Saudi summit aims at oil prices
The world's largest oil producer, worried the escalating cost of crude will dampen demand, is convening a special meeting on Sunday to seek solutions.
NEW YORK (CNNMoney.com) -- Saudi Arabia this weekend will convene a special summit on oil prices that could lead to cheaper crude on the world market.
But a Saudi decision to produce more crude likely won't come without a demand: The Kingdom is expected to press the U.S. government to impose greater controls on oil trading and take steps to strengthen the dollar.
The world's largest oil producer, stepping out of its usual role as de facto leader of OPEC, will host representatives of big oil producing nations, consumer countries and companies.
The Saudis are widely believed to be concerned that escalating oil prices - crude hovered around $134 a barrel Thursday, nearly double what it cost a year ago - will cause a permanent drop in demand as consumers get more efficient or, worse, the global economy slows.

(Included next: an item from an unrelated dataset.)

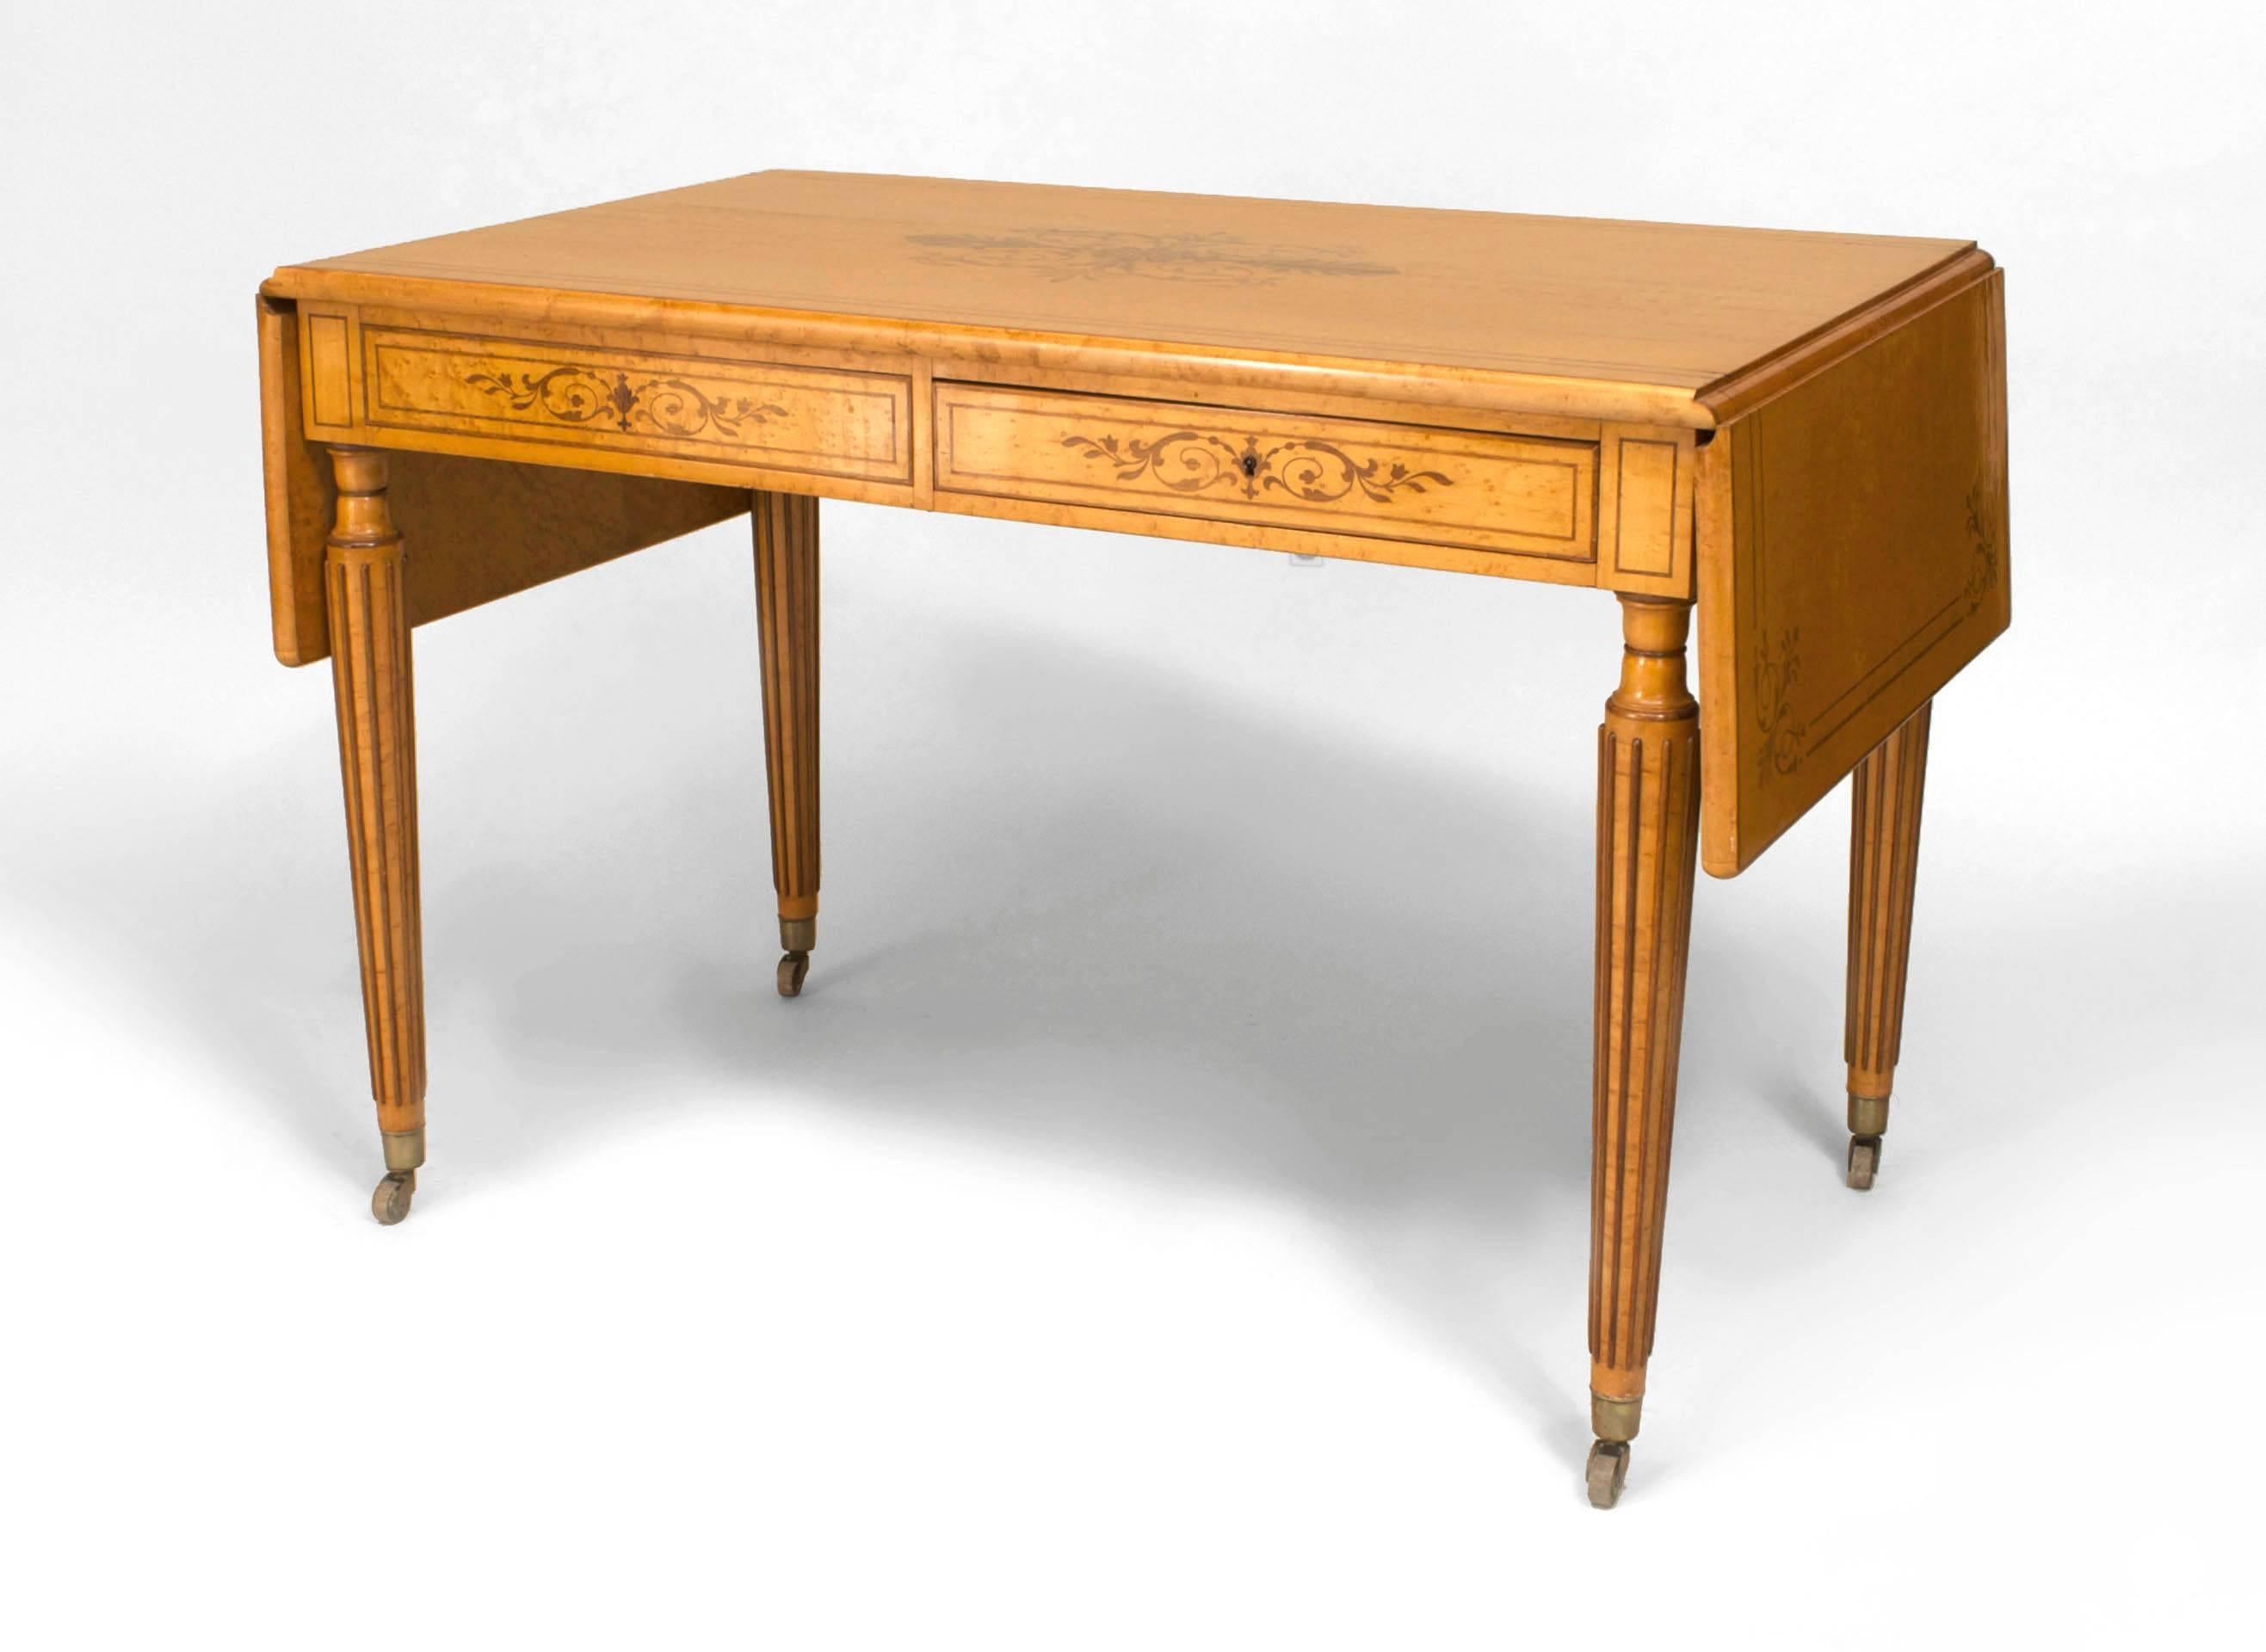 Französisch Charles X Birdseye Ahorn davenport Tisch Schreibtisch mit Amaranth Intarsien oben & Drop Seiten auf 4 konischen kannelierten Beinen mit einer einzigen Schublade auf der Vorder-und Rückseite unterstützt.

One sign of the Saudi anxiety: The country's oil production decisions, usually left to its oil minister, appear to have been put back in the hands the Royal Family, according to Antoine Halff, deputy head of research at brokerage firm Newedge.
Fuzzy numbers
As a group, OPEC has been reluctant to raise production. Several states, enjoying the record prices, maintain there is no shortage of crude. It's a line the Saudis also touted - until recently.
Saudi Arabia now says it will pump more. The Kingdom, during a recent visit by President Bush, pledged to increase production by 300,000. Last week, they said they would boost it by another 200,000 barrels.
Those numbers are not set in stone, and Sunday's meeting may produce more details on the planned increases.
The Saudis will also seek to convince refineries and others to keep buying.
Recently, refiners worldwide have cut back in light of record prices. But that has only led to a drop in crude inventories - further pushing up the price of oil.
To inject more oil into the market, Halff said the Saudis may use the meeting to arrange for special deals with refiners and others that could bring crude to market at below-market prices. The exact nature of the deals, he noted, will probably never be disclosed.
At the very least, traders will be watching the Sunday meeting to see if those announced production increases fall closer to the 500,000 or 800,000 barrel a day mark.
Sunday showdown
The meeting holds high stakes for both Saudi Arabia and the United States. If prices don't respond, the country's credibility will suffer, and with it any notion that someone has control over these record oil prices.
"Riyadh is seen as running out of options to regain control of the market," said Halff. "Failure to do so, it is assumed, could cause prices to leap even higher."
The Saudis will also expect something from consumer nations in return.
The Kingdom has long held that oil markets are well supplied, and that speculative investing is the real culprit behind high prices.
To that end, the Saudis will likely seek more oversight of oil markets, and perhaps even limits on the amount of contracts speculators can hold.
That's something consuming counties may give them. Several proposals along those lines have bipartisan support in Congress.
More difficult to deliver, and probably more important to the Saudis, is a stronger dollar.
Like the currencies of many countries in the Middle East, the Saudi riyal is pegged to the U.S. dollar - it rises and falls with the greenback.
But while lower interest rates - and hence a lower dollar - may be what the U.S. economy needs to snap out of its slump, they have been disastrous for the red-hot Saudi economy. Inflation in Saudi Arabia has doubled in the last year and is projected to surge even higher.
"I think [Saudi Arabia] wants something from the West, particularly the U.S. ... a stronger monetary policy," Nauman Barakat, an energy trader at Macquarie Futures, wrote in a research note.
That will be hard to get.
The Federal Reserve is unlikely to raise interest rates anytime soon. And any other move by the U.S. government is likely to have little effect on the free-trading dollar.